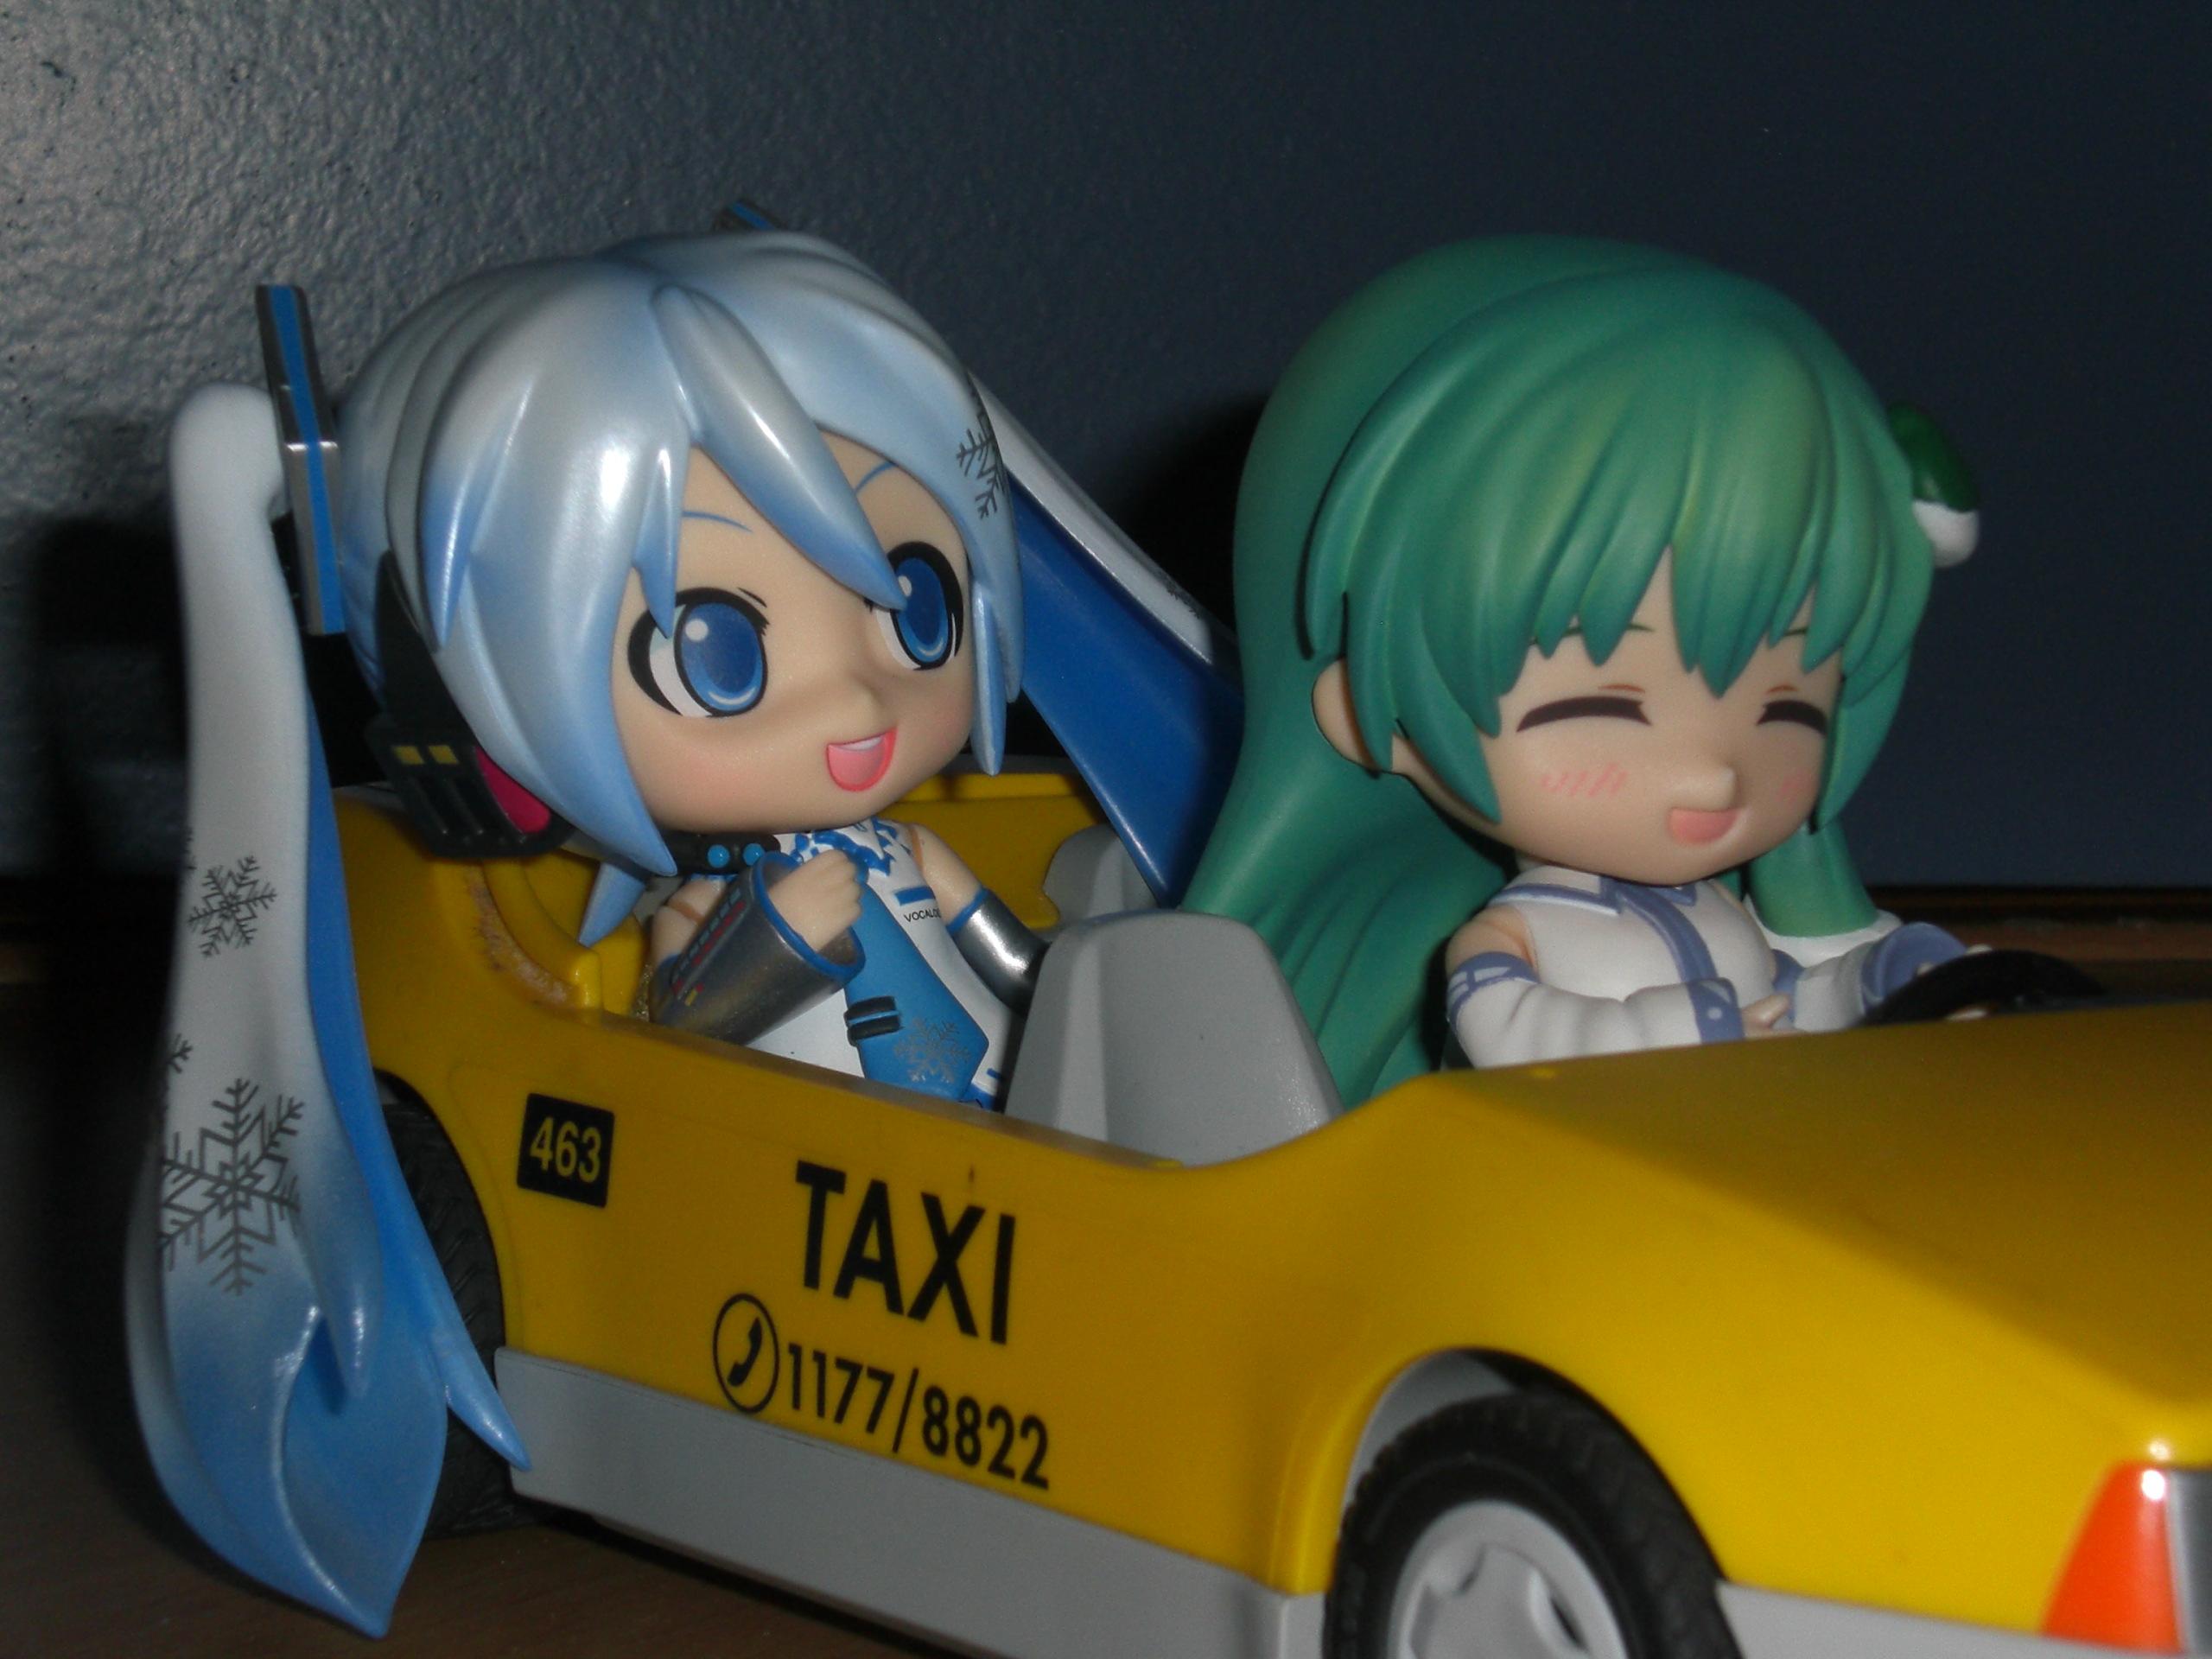 snow sanae taxi
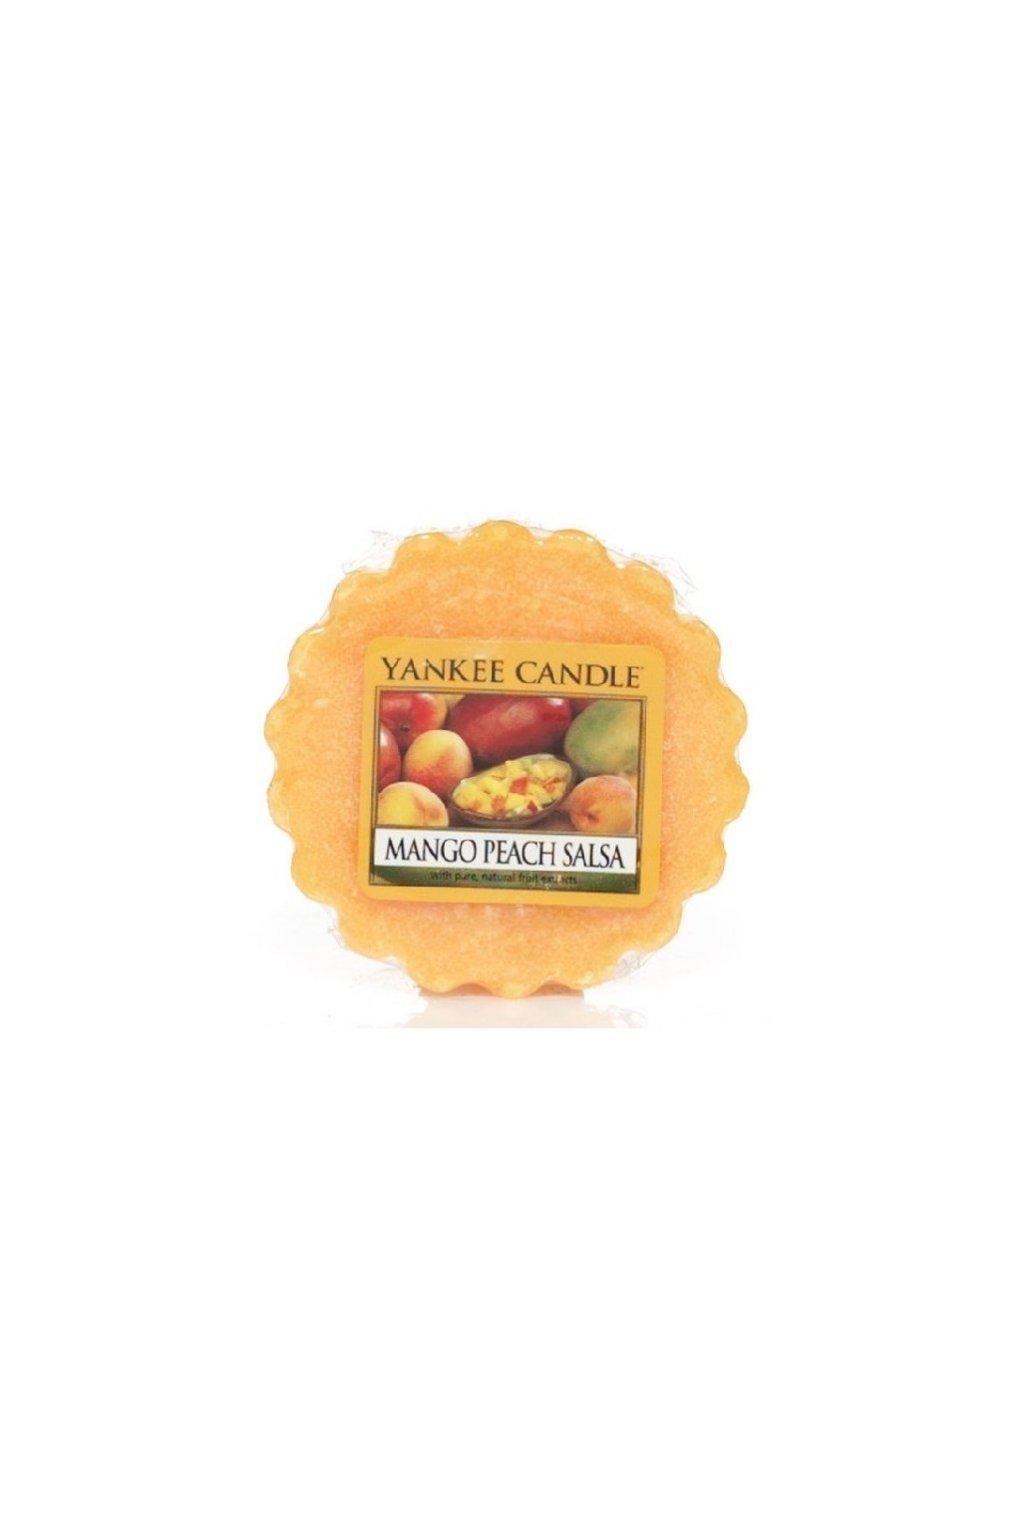 mangopeach
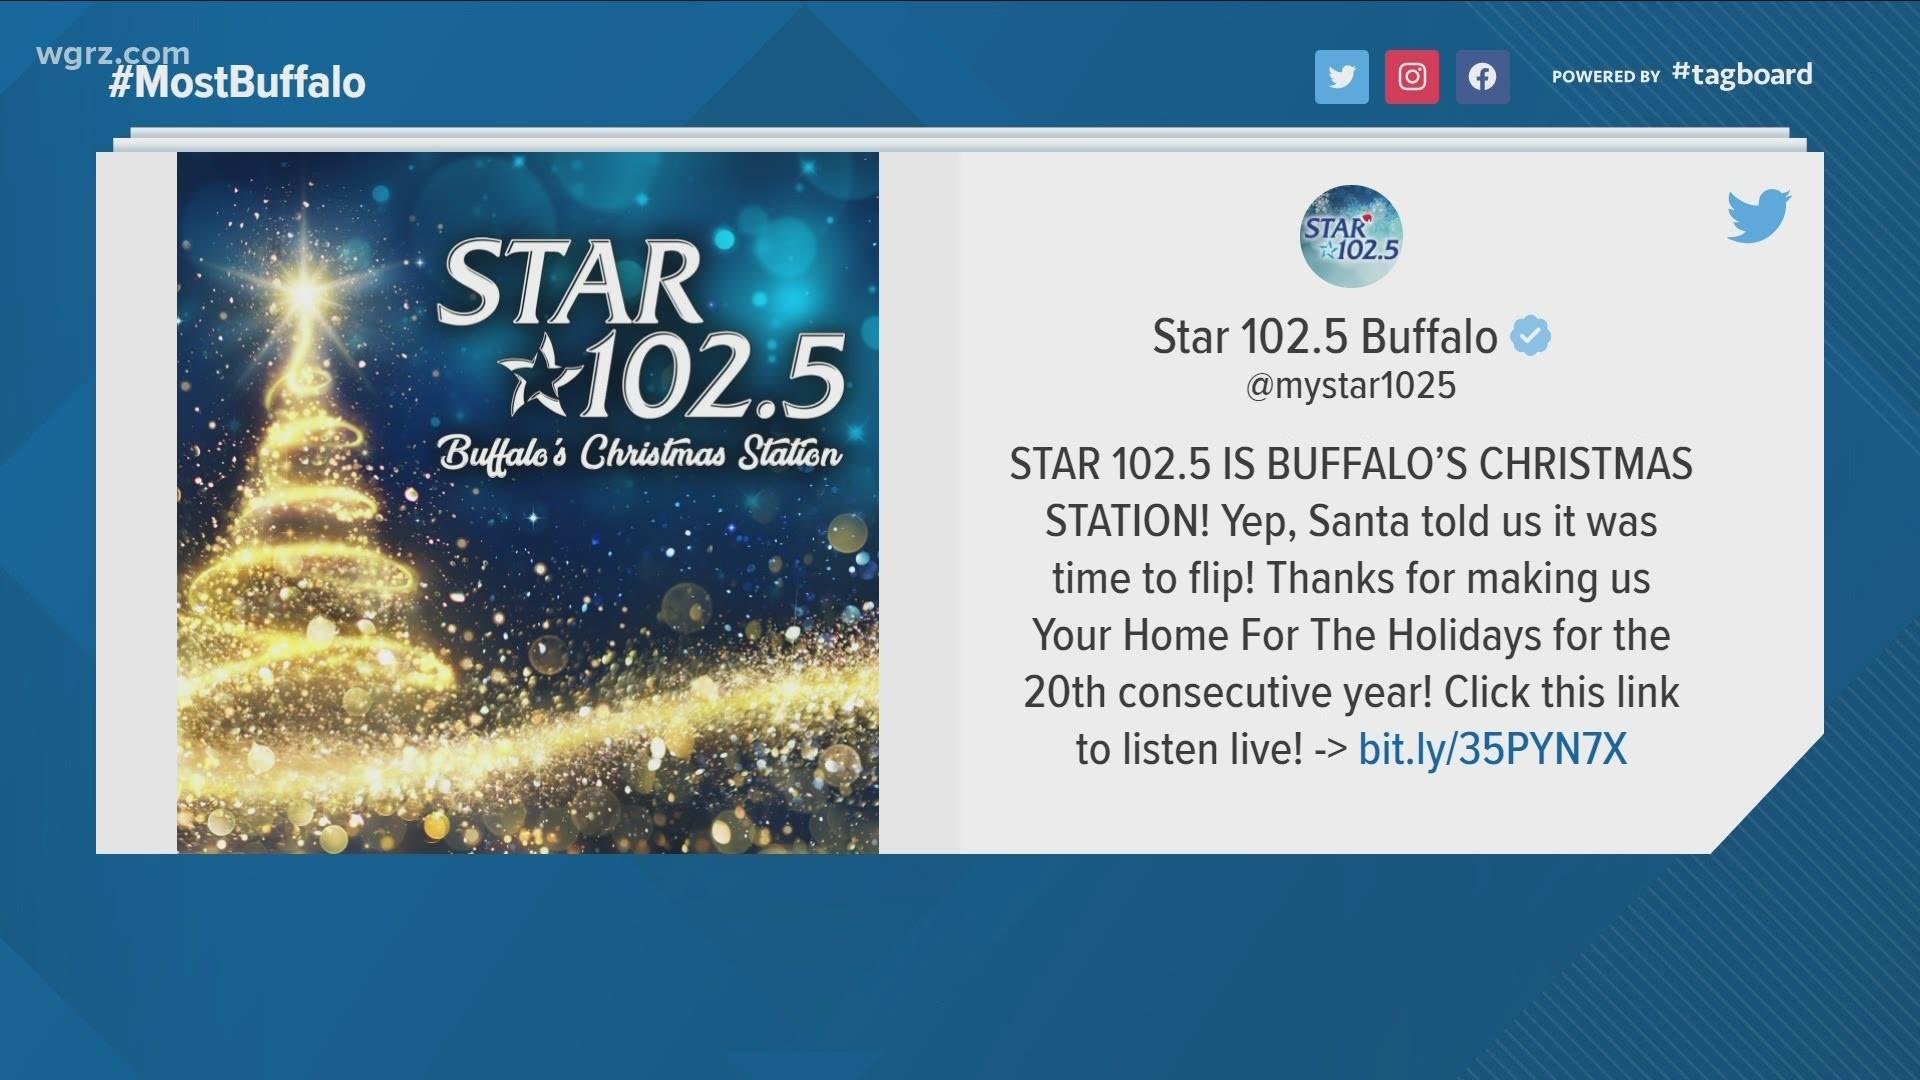 Christmas Music 88.5 Radio Stations 2020 Star 102.5 now playing Christmas music | wgrz.com

==========

Activity
Repeat the listing in full and exactly. Leave any pictures out.

Finished exercise
 snow sanae taxi
 mangopeach
 Christmas Music 88.5 Radio Stations 2020 Star 102.5 now playing Christmas music | wgrz.com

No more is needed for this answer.